6:08 p.m. – It’s been threatening to rain all day so Safari and I decide to check out the Thompson Hotel roof party before it downpours. Neither of us had been to the infamous Thompson roof, fabled to be accessible to hotel guests and a ring of ten new york city members. Luckily I’d RSVPed to someone’s party we knew of but doubted we’d recognize. We teetered up to the roof more than slightly intoxicated and decided to drink more. Not surprisingly, the Thompson roof deck was nothing out of the ordinary and I personally prefer the view from my apartment building’s terrace.

8:35 p.m. – Safari and I head back to my place to drink on my roof. We stop at the Chinese deli on the way to buy several bottles of wine. In the end, we end up drinking some chilled champagne I had stashed away at the bottom of my fridge. Thank God I’m a genius.

9:16 p.m. - My wonderful roommates Tatas who’s been in Africa for the past month finally returns home. We do a power catch up, load into her car, and drive to the Ed Hardy runway show uptown.

10:10 p.m. – I’m officially drunk and while we’re loving the show’s open bar we’re disappointed with the crowd / the fact that the show won’t actually happen until midnight or later. Since I want to have an early night, I illogically decide we should go to Cipriani’s since Sunday night karaoke there starts around eleven. I’m meanwhile forgetting that while the parties at Cipriani’s tend to start earlier the establishment itself is like a black hole in which you literally lose hours of your life without realizing it. We pile into Tatas car and she maneuvers us to West Broadway and Broom where we park right on the street and skip inside.

12:01 a.m. – I’m now officially shit-faced and singing/shrieking karaoke to Fergie’s Glamorous and that stupid song about the “umbrella” with a bunch of coked out models from brunch. Safari and I keep saying will leave “right after this song,” but how can we resist singing to classics like the James Bond theme Golden Eye, Wonder Wall, Brown Eyed Girl, and I’ve Gotta Woman in a slurred drunken stupor? Guiseppe Cipriani himself is in the house with perhaps my favorite model of all time, Armani’s it-girl Mila Jovovich in his arms. It warms my heart that Mila in person is actually not that extraordinary – although I give her major kudos for letting loose and blasting her own rendition of a Kayne West song into the mike.

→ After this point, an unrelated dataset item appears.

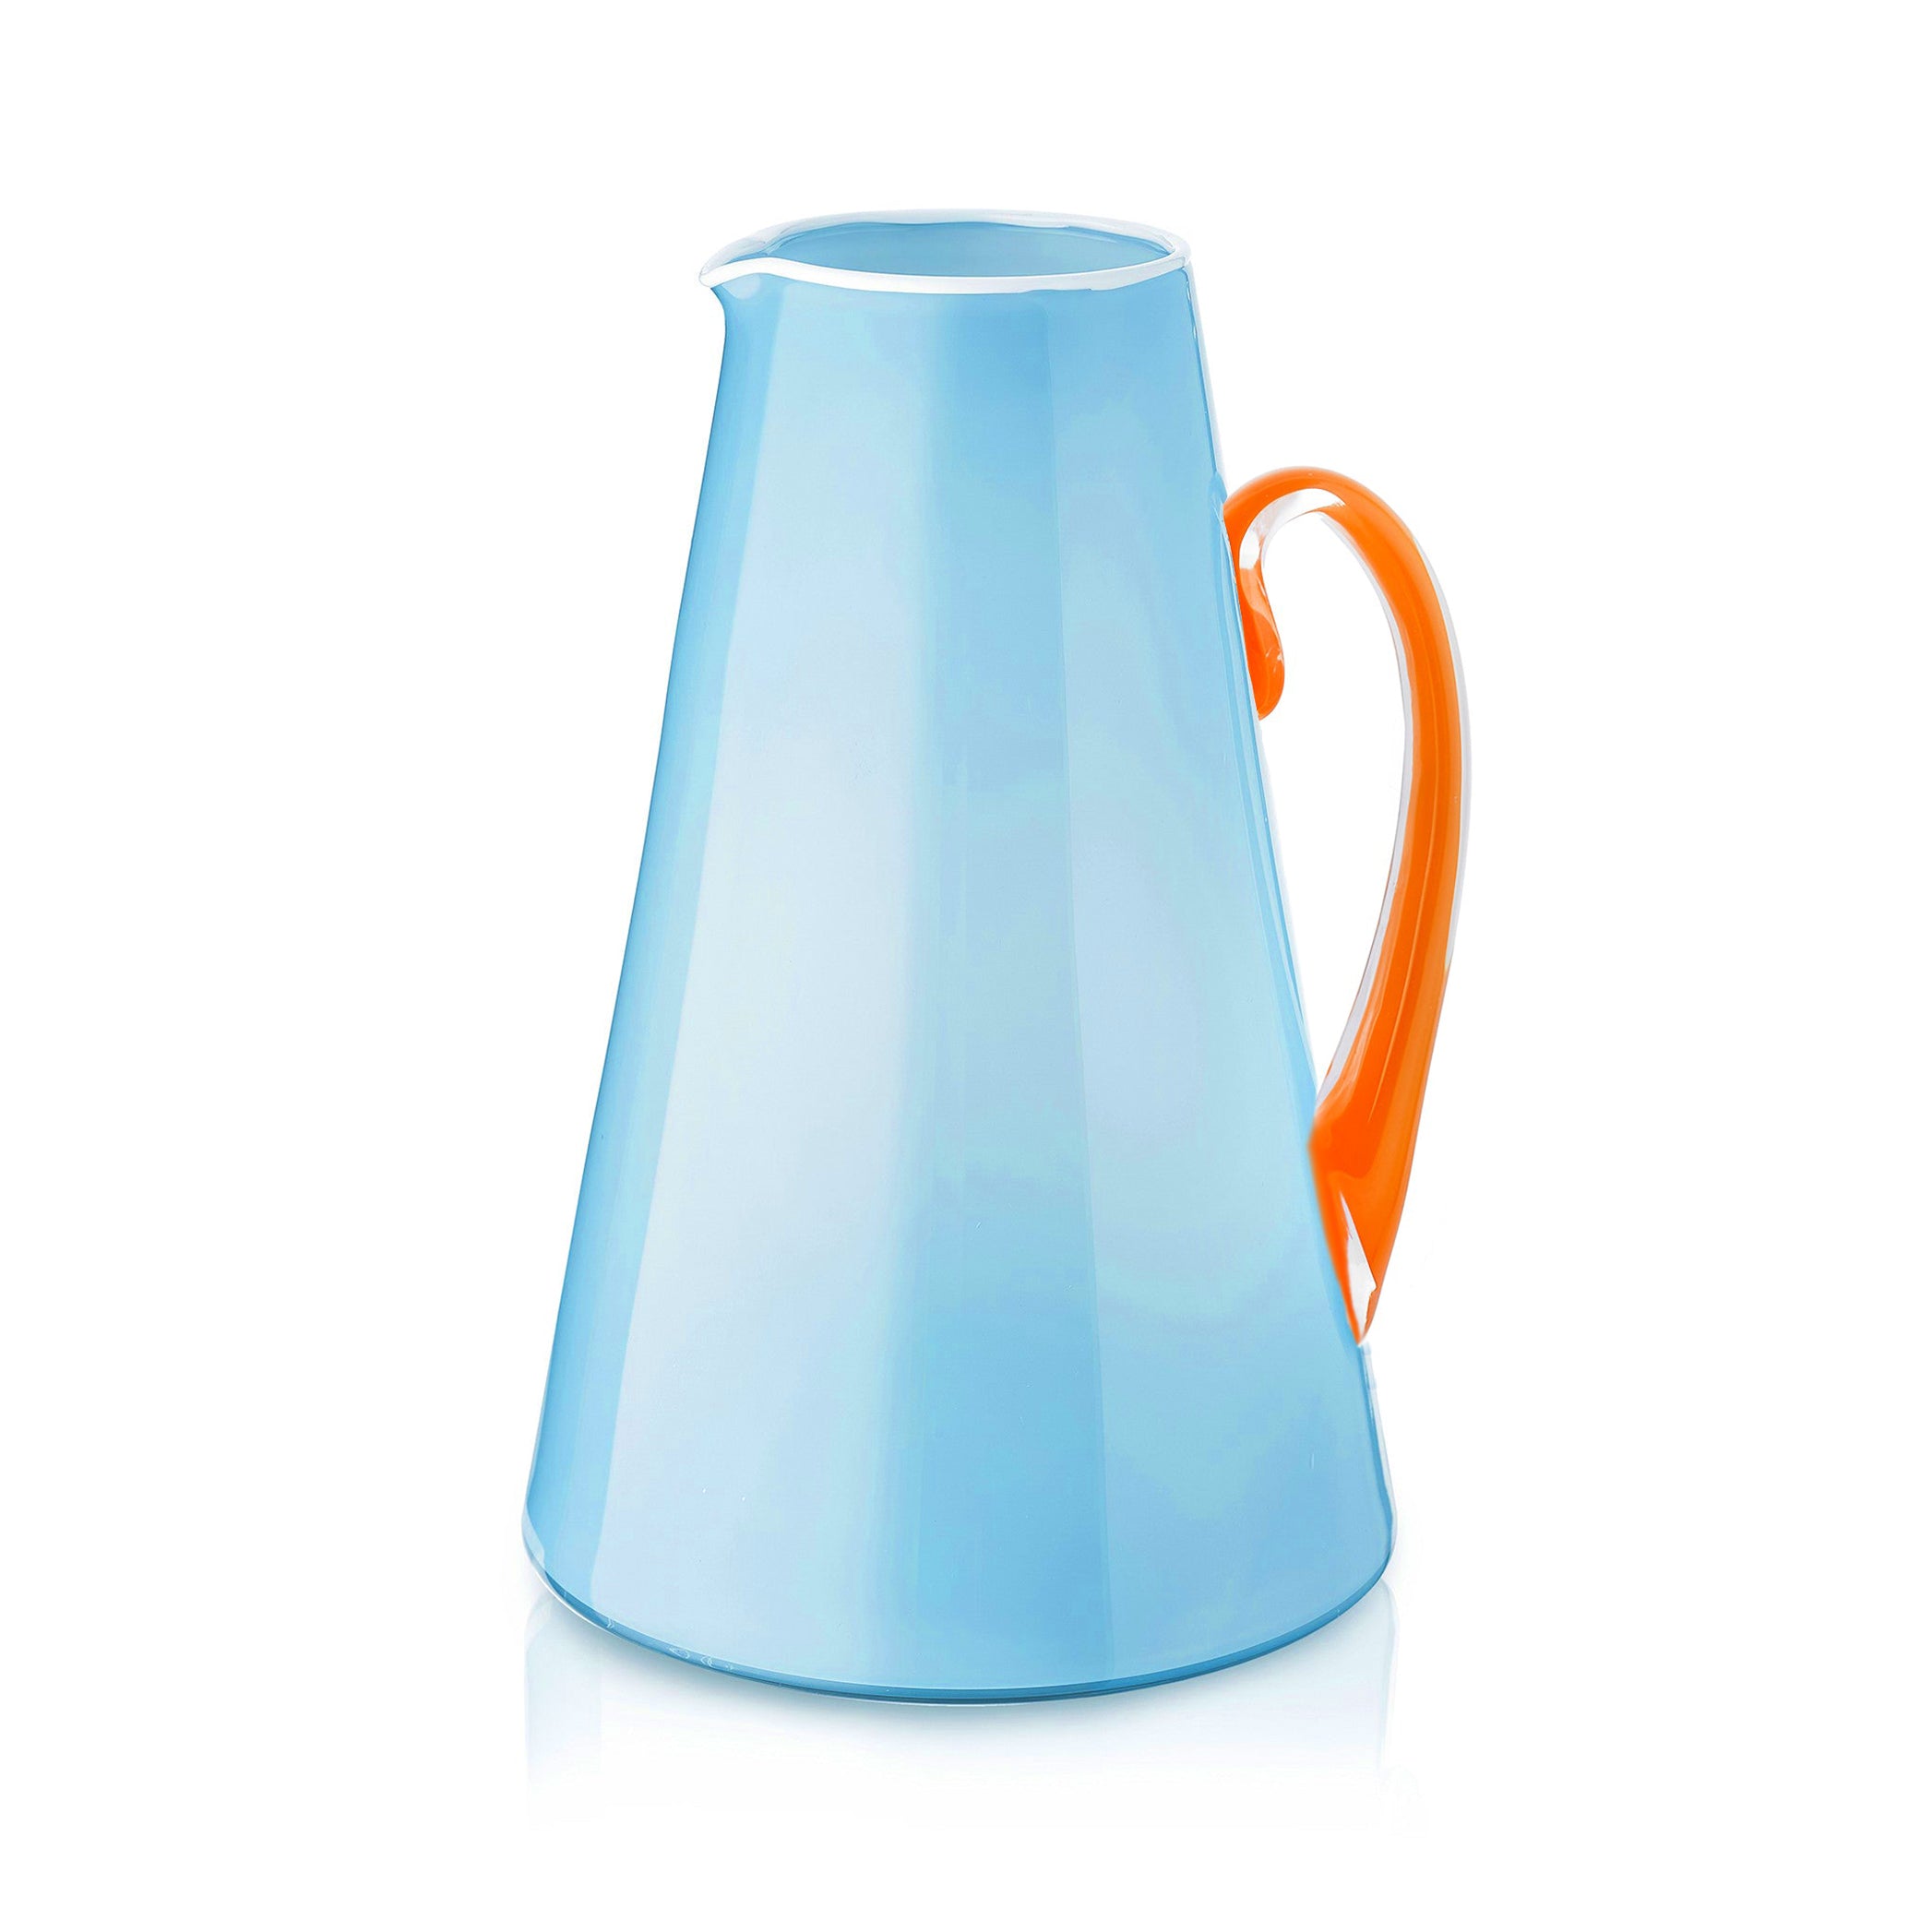 Handblown Glass Bumba Jug in Sky Blue and Orange, 3lt

1:10 a.m. – Cipriani’s tends to recycle their patrons, so if you stoop as low as to go there on even a pseudo-regular basis you’re bound to run into ten people you know. This was certainly this case this evening. Everyone from brunch as well as the majority of Italians I know in the city were there, so in the spirit of the night I also eagerly greeted an extremely attractive actor from Jersey my friend Twiggy had been dancing with at Cipriani’s on a Tuesday weeks prior. It’s impossible to actually hear or talk to people, but about half an hour after our first conversation he repasses, and noticing that for the first time all night I’m empty handed, invites to his table in the back for a drink. We make it back toward the fireplace where it’s slightly calmer and pass Kevin Connolly who plays Eric Murphy on HBO’s Entourage on the way. Finally able to communicate, I learn the man I’m in the company of is actually NOT my friend Twiggy’s actor acquaintance from Jersey but his identical twin separated at birth: a sexy Argentinean guy chilling with his Brazilian and French friends. They’re all quite nice, and after we get rid of this extremely pesky girl who keeps asking each one of us every five seconds if we have blow, we effectively play the “do you know xxx” game and find we have some common friends.

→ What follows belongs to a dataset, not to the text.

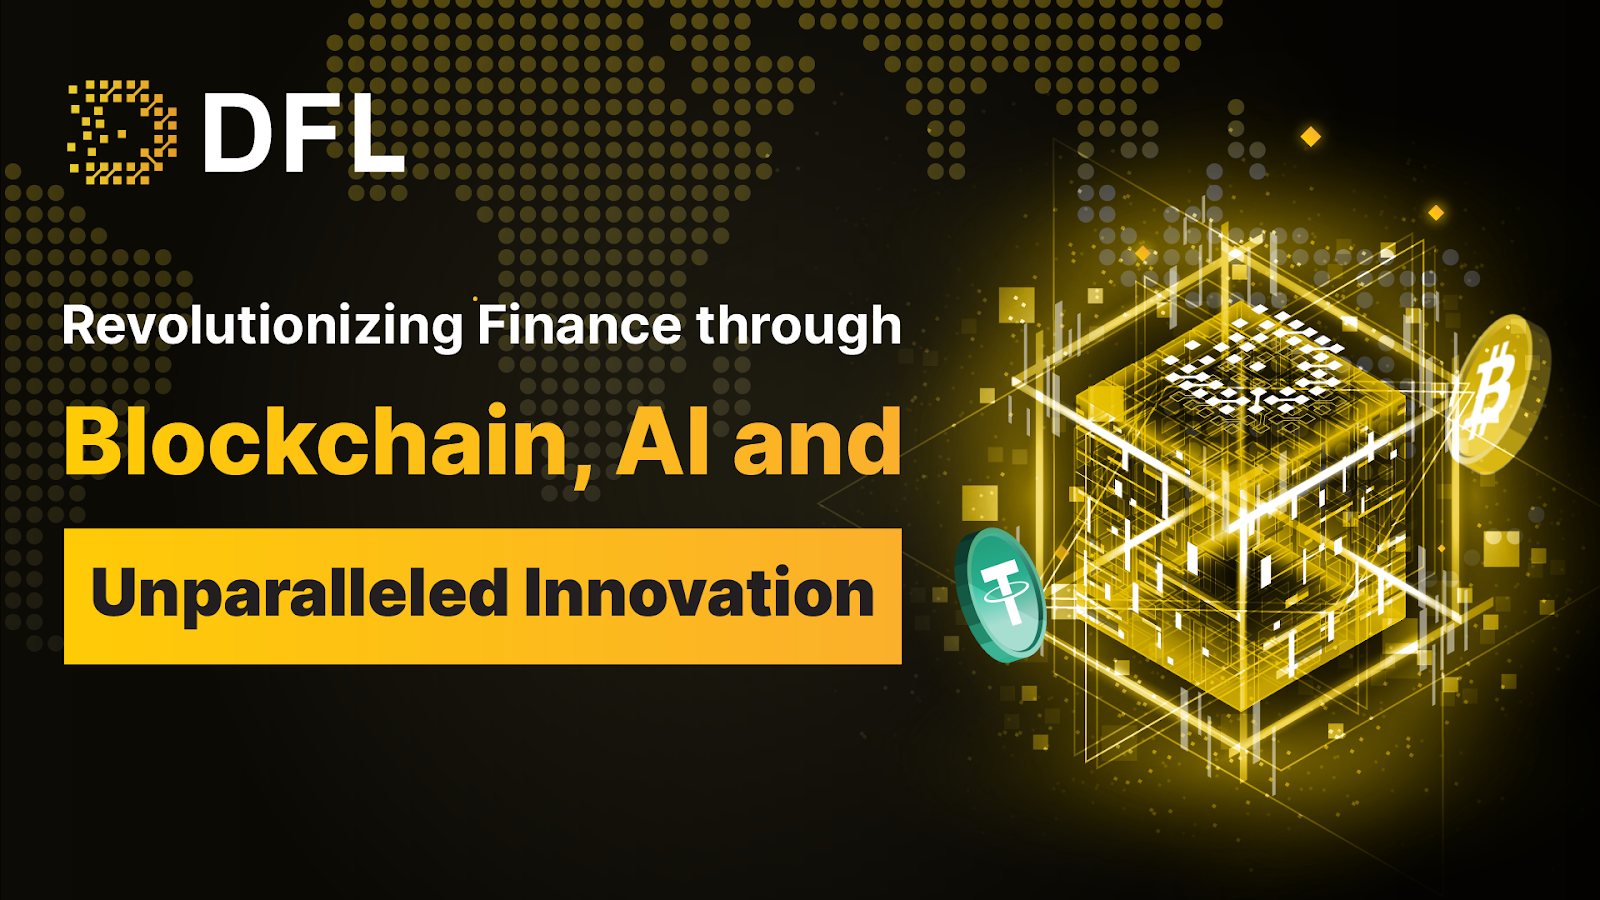 DFL: Revolutionizing Finance through Blockchain, AI, and Unparalleled Innovation

2:45 a.m. – The good news is that I’m still drinking and the happiest I’ve been in weeks. The bad news is that it’s almost three a.m. and Monday morning.

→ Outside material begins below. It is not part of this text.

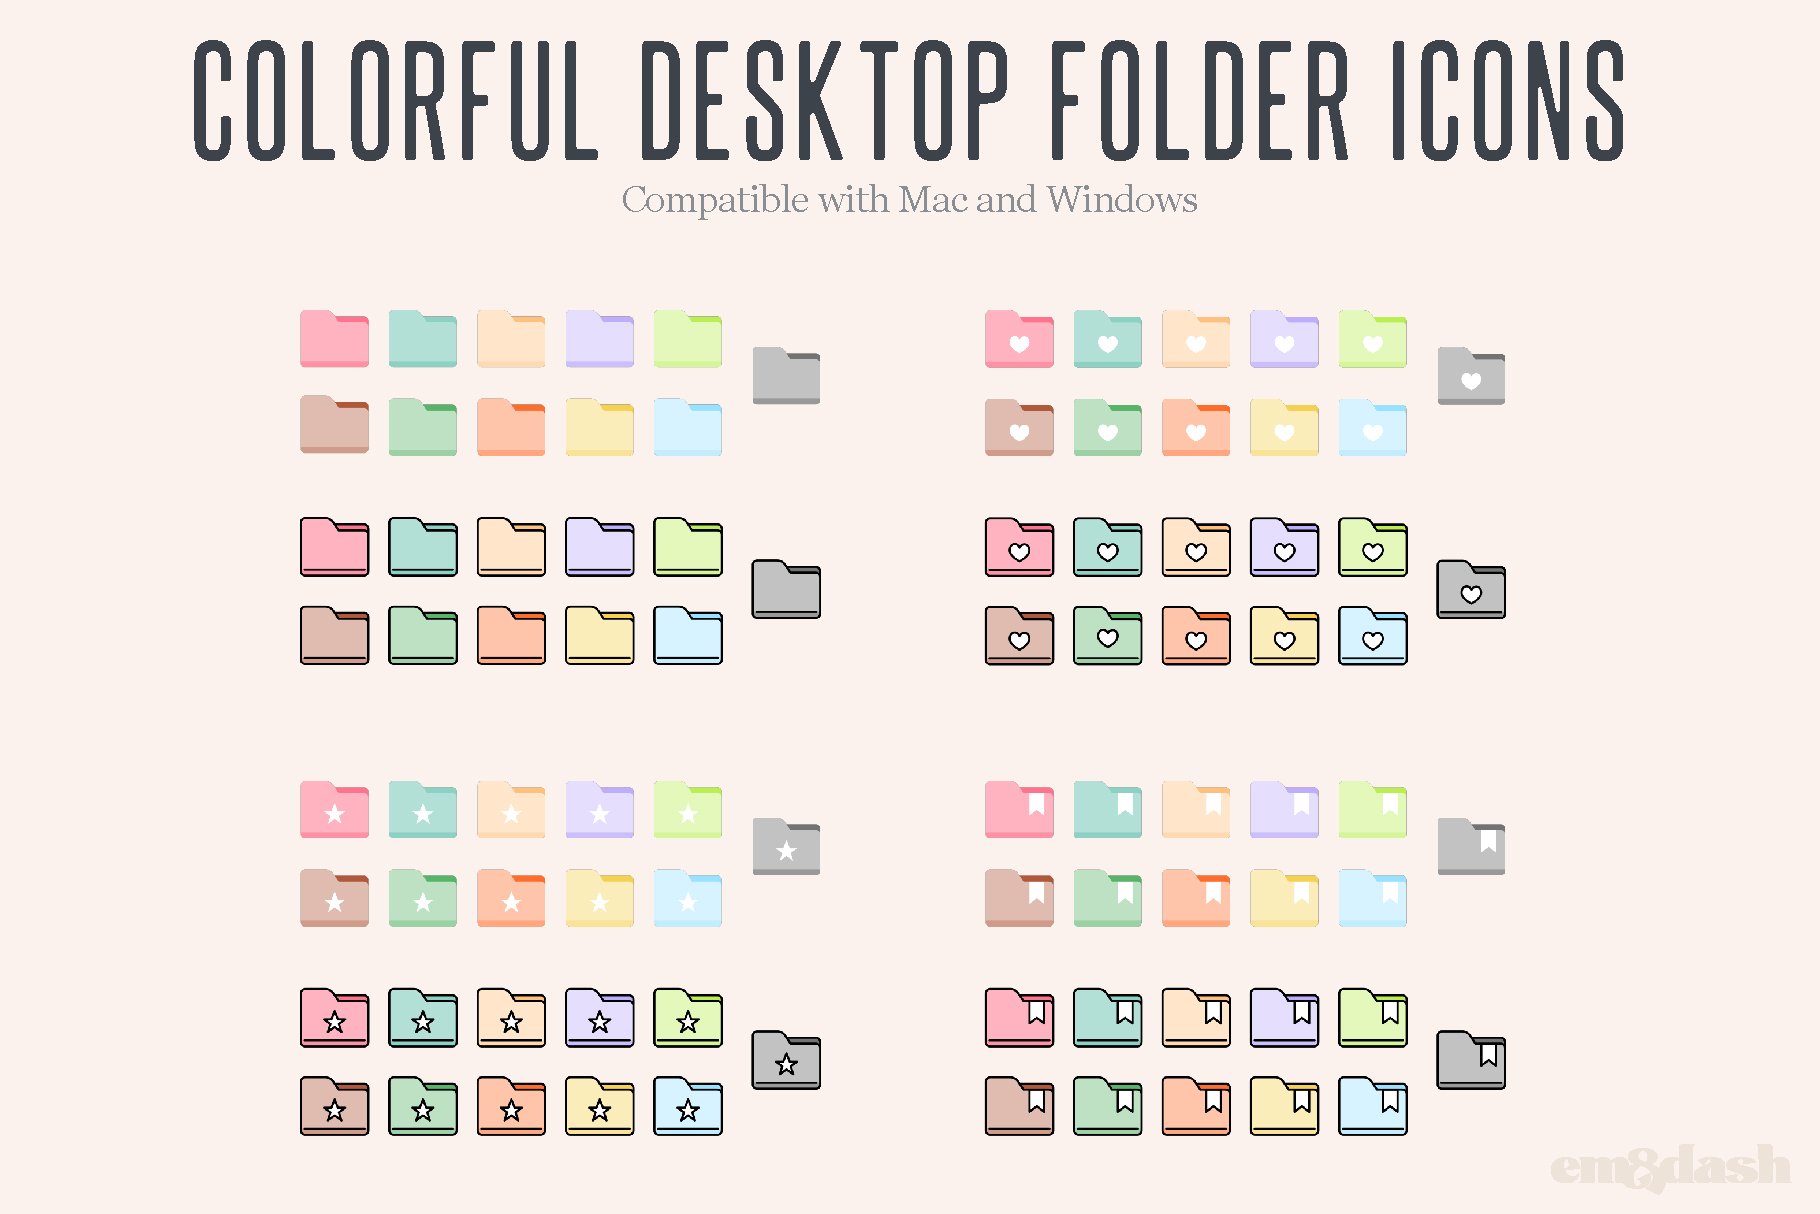 Colorful Desktop Folder Icons cover image.

3:42 a.m. – The Argentinean, Brazilians, Frenchie and I decide it’s time to leave the vortex since everyone has an early morning the next day. Since I’m retarded, I gather the courage to talk to Kevin Connelly on the way out. I say something about how I’m a fan of the show and how I find his character the most compelling and complex before I stumble out onto the street. P.S. However short Kevin Connelly looks on the show, he’s that much shorter in real life. He reminded me of a good luck Irish leprechaun. God knows I need one.

4:20 a.m. – For some reason it seemed like a good idea NOT to go to bed right away but instead to randomly accomplish mundane household tasks in my apartment while being too drunk to properly walk. Then I decide to play on the internet.

6:31 a.m. – Since I was too drunk to remember to put my phone on silent when finally getting in my bed, a text message from Europe (where it’s already afternoon) wakes me up from my slumber. I’m too intoxicated to go back to sleep and roll around in my bed trying to lull my brain into unconsciousness until my alarm successfully goes off at 8:20 with me still awake.

If my blood-alcohol content were to be tested right now I think there’s a large possibility I might still actually drunk. If there are extra typos in this entry, that’s why. I apologize.

The overarching lesson: Going out on Saturday might have been a better idea.

Sunday, April 22, 2007

Everybody Loves Entourage

Everybody loves Entourage, so forgive me while I take a moment to trash it…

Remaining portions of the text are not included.